Top of Information shown

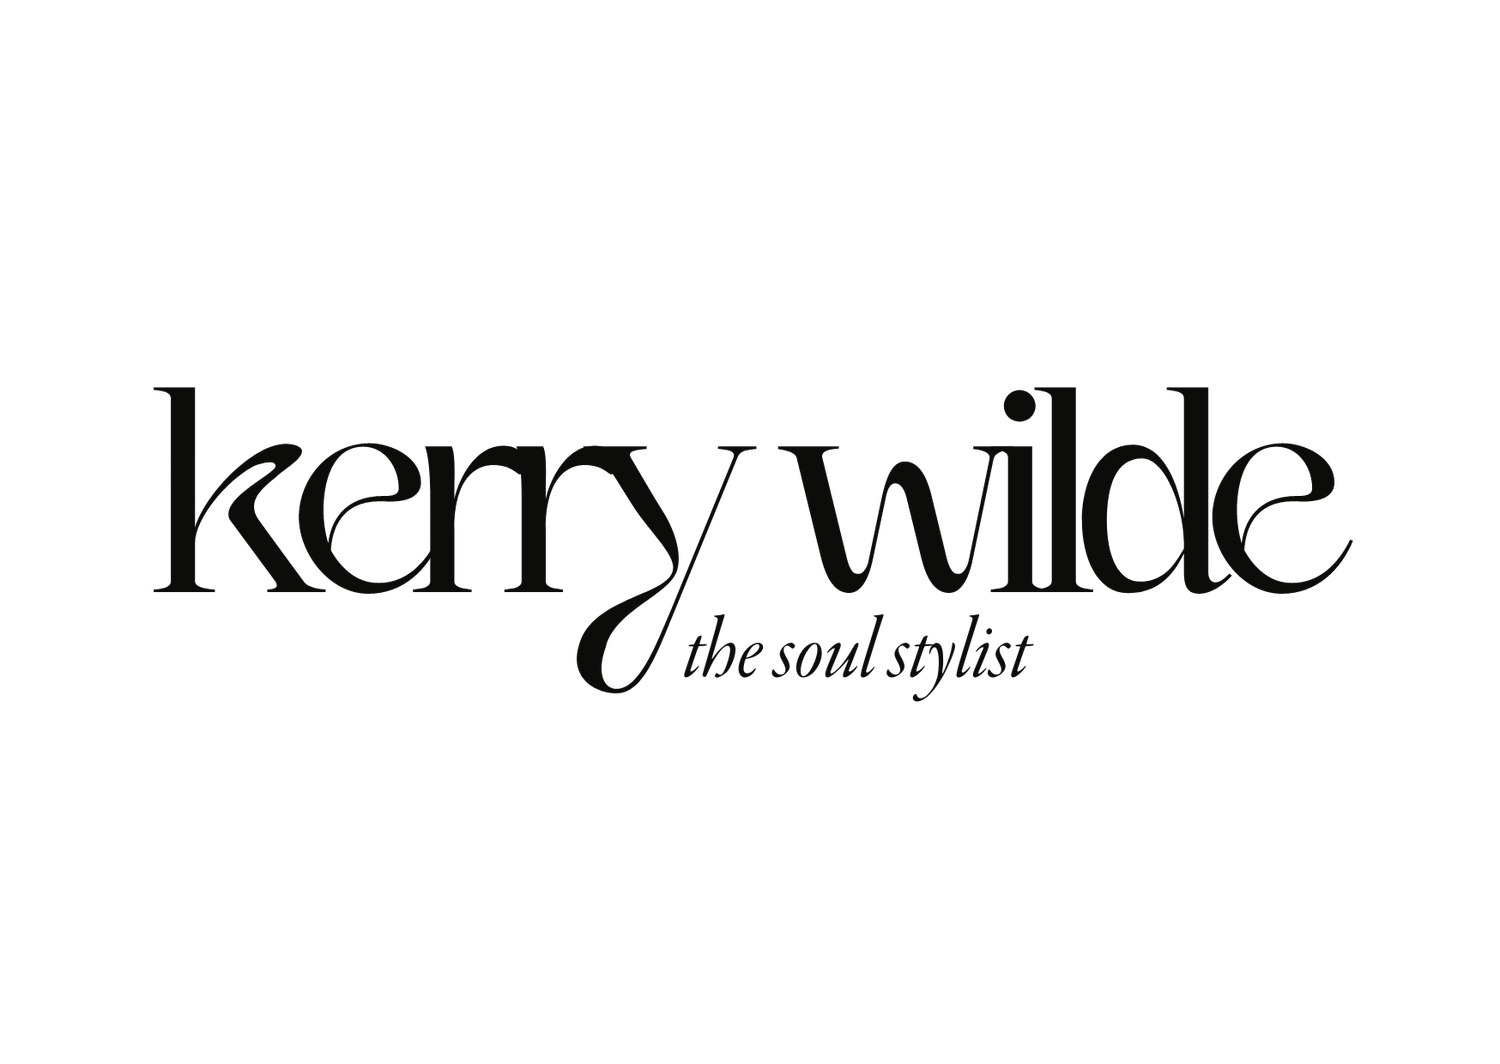 KERRY WILDE - the soul stylist
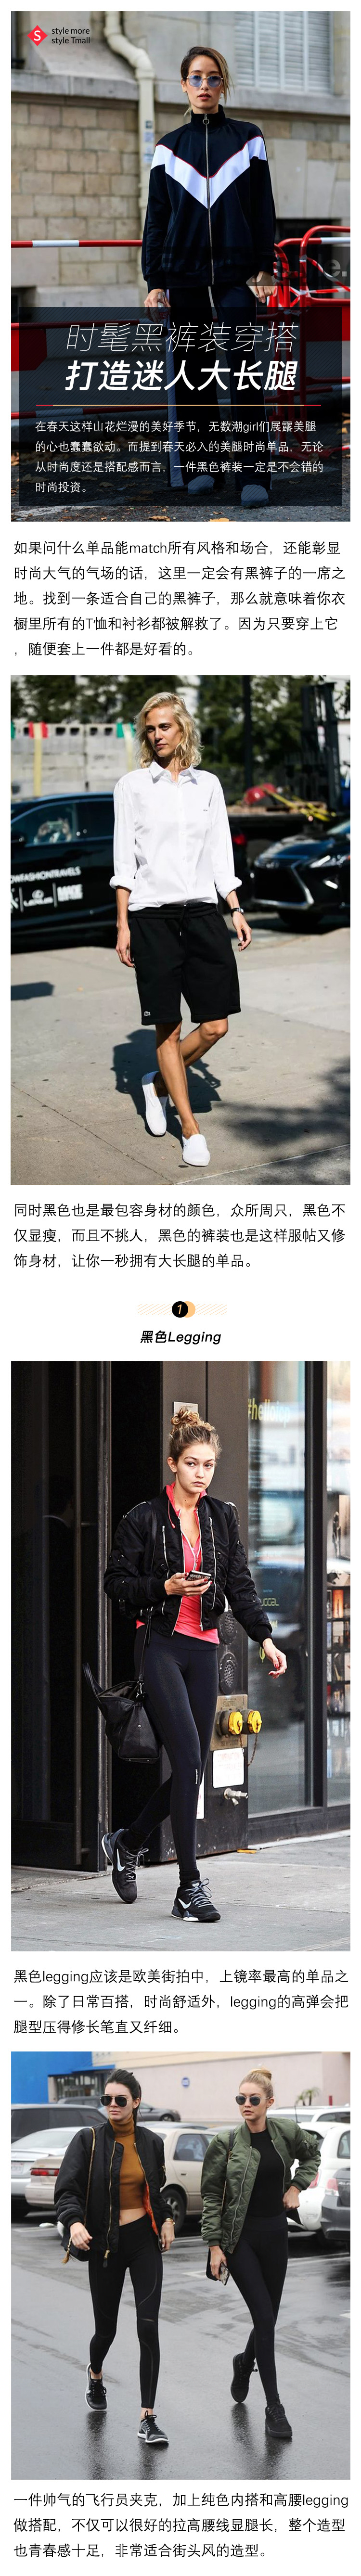 爱打扮(www.idaban.cn)，时髦黑裤装穿搭，打造迷人大长腿1
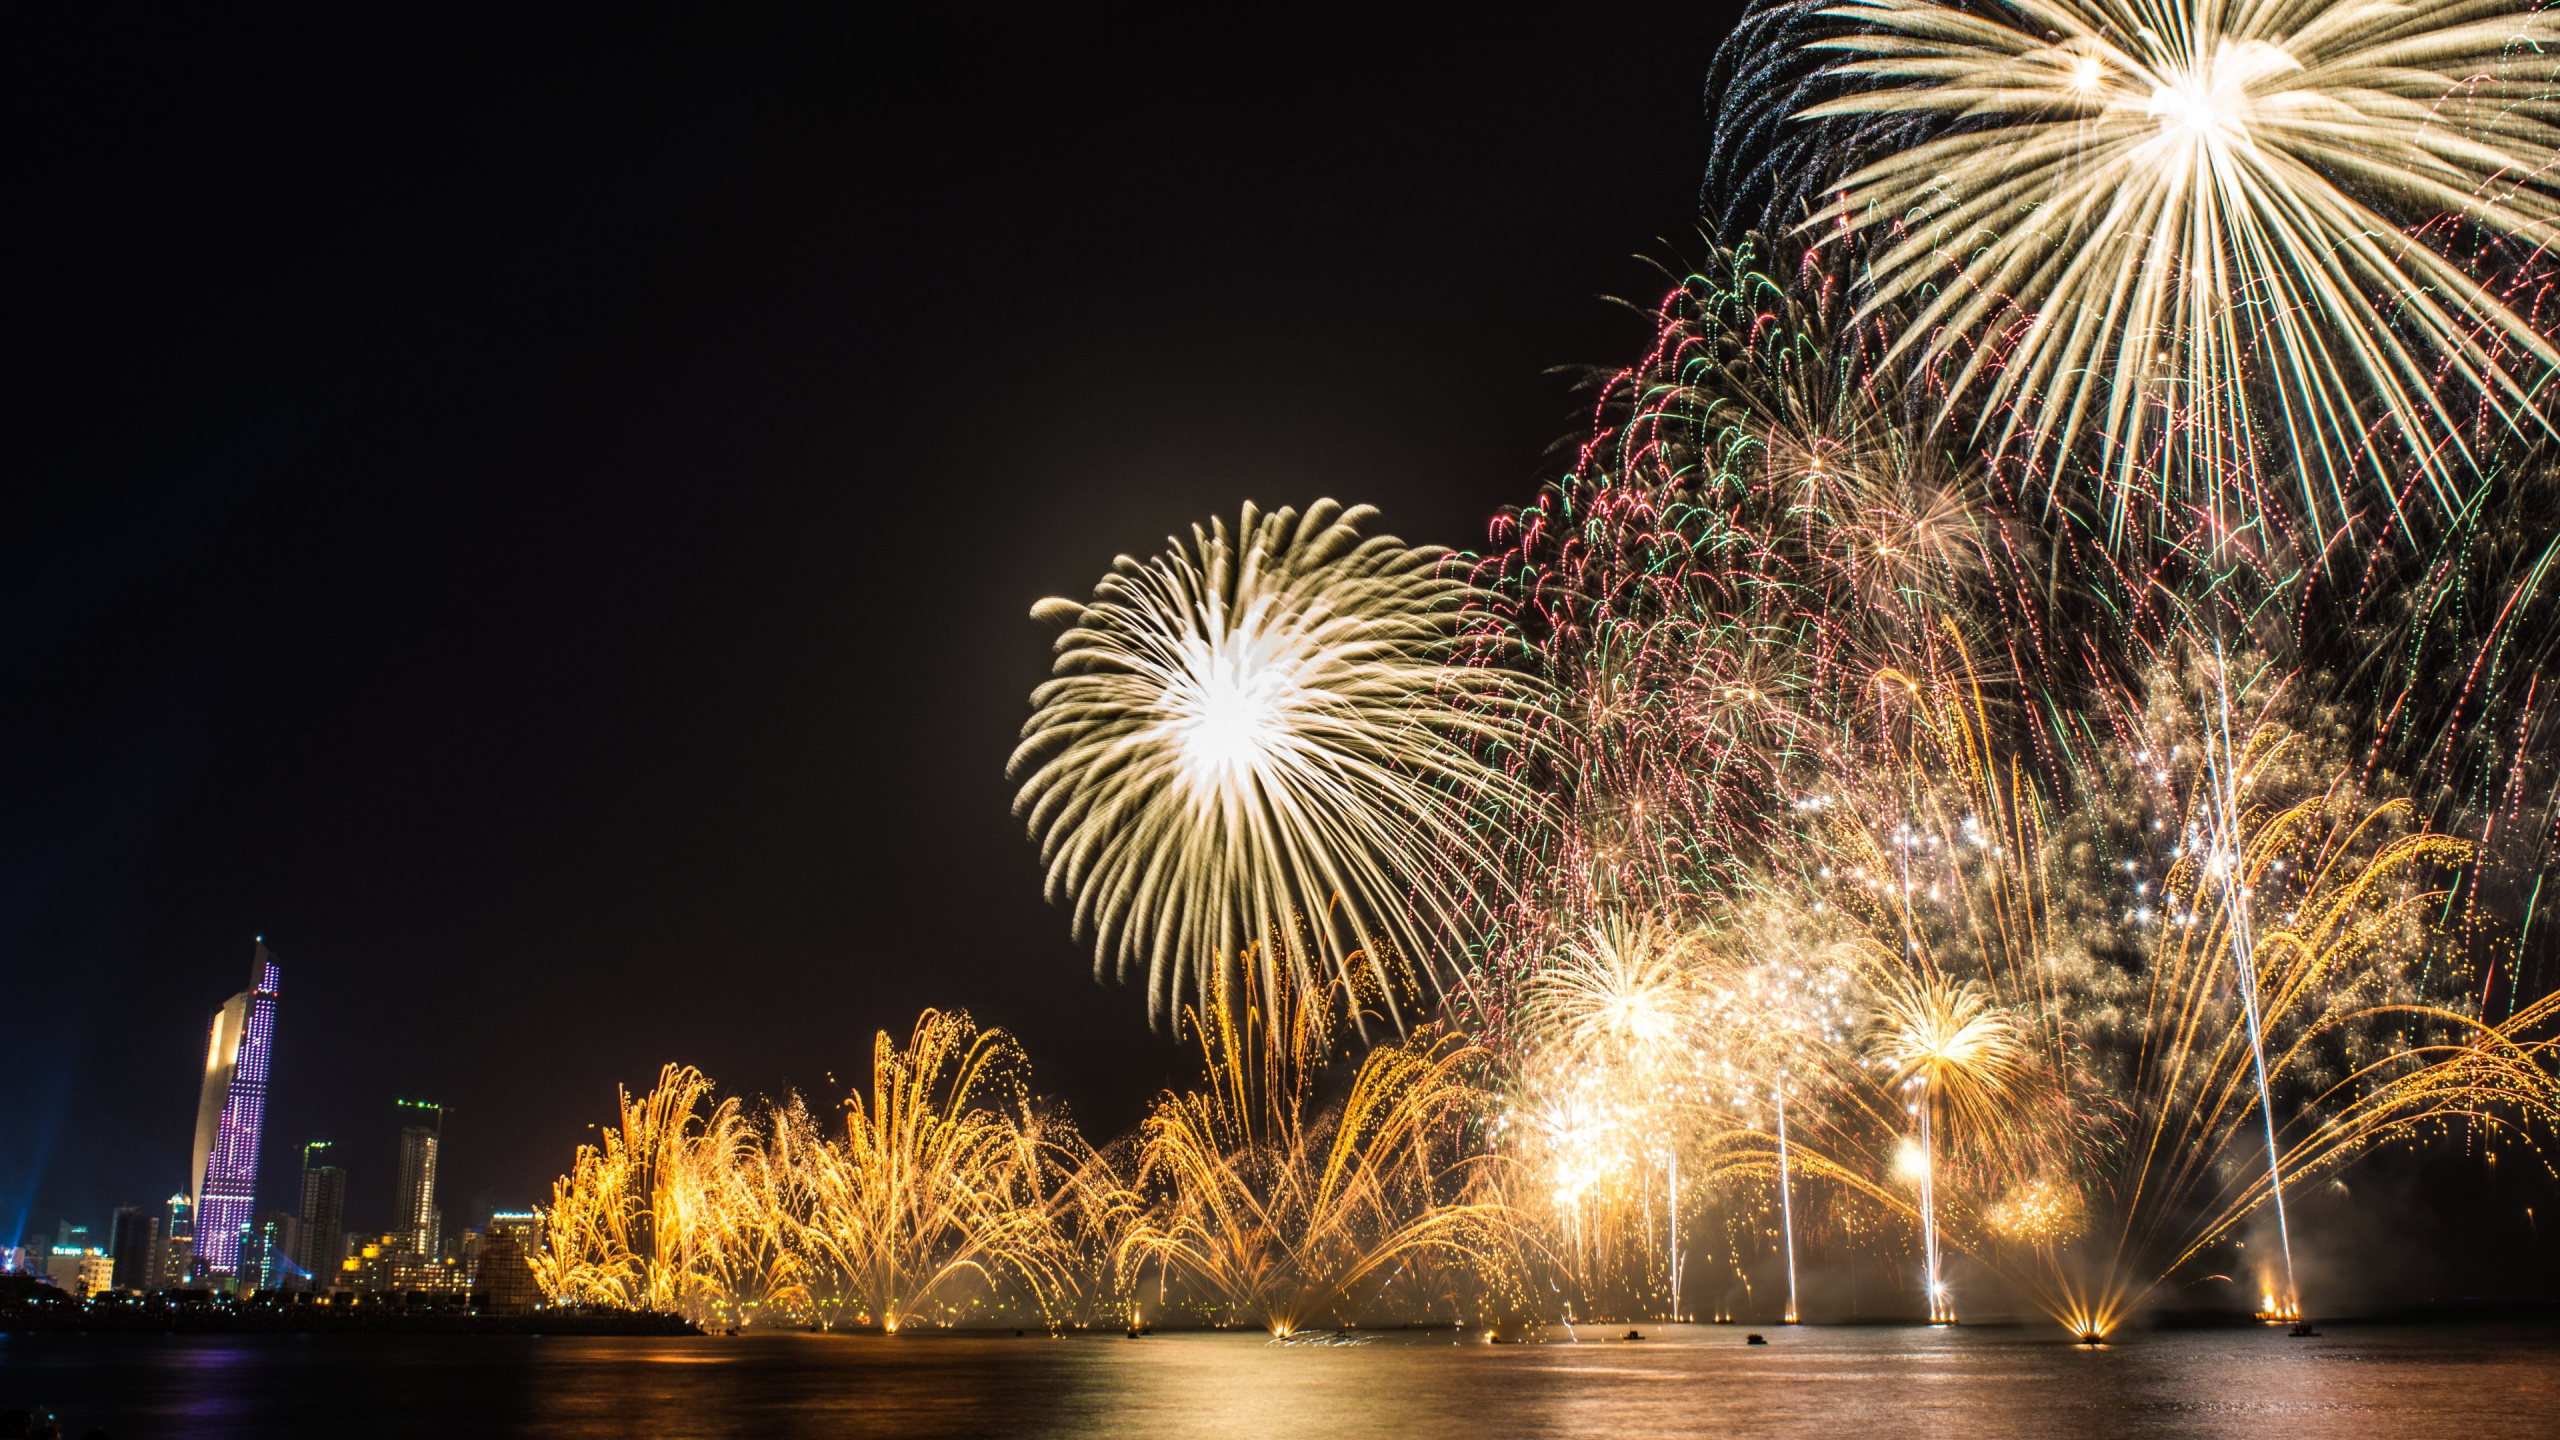 Feuerwerk, Neujahr, Nacht, Veranstaltung, Silvester. Wallpaper in 2560x1440 Resolution

Bottom of Information shown

**What to produce:**
Once the line with "爱打扮(www.idaban.cn)，时髦黑裤装穿搭，打造迷人大长腿1" is found, write out that line and every later line of the listing above exactly, through the last one, and skip any pictures.

**Completed task:**
 爱打扮(www.idaban.cn)，时髦黑裤装穿搭，打造迷人大长腿1
 Feuerwerk, Neujahr, Nacht, Veranstaltung, Silvester. Wallpaper in 2560x1440 Resolution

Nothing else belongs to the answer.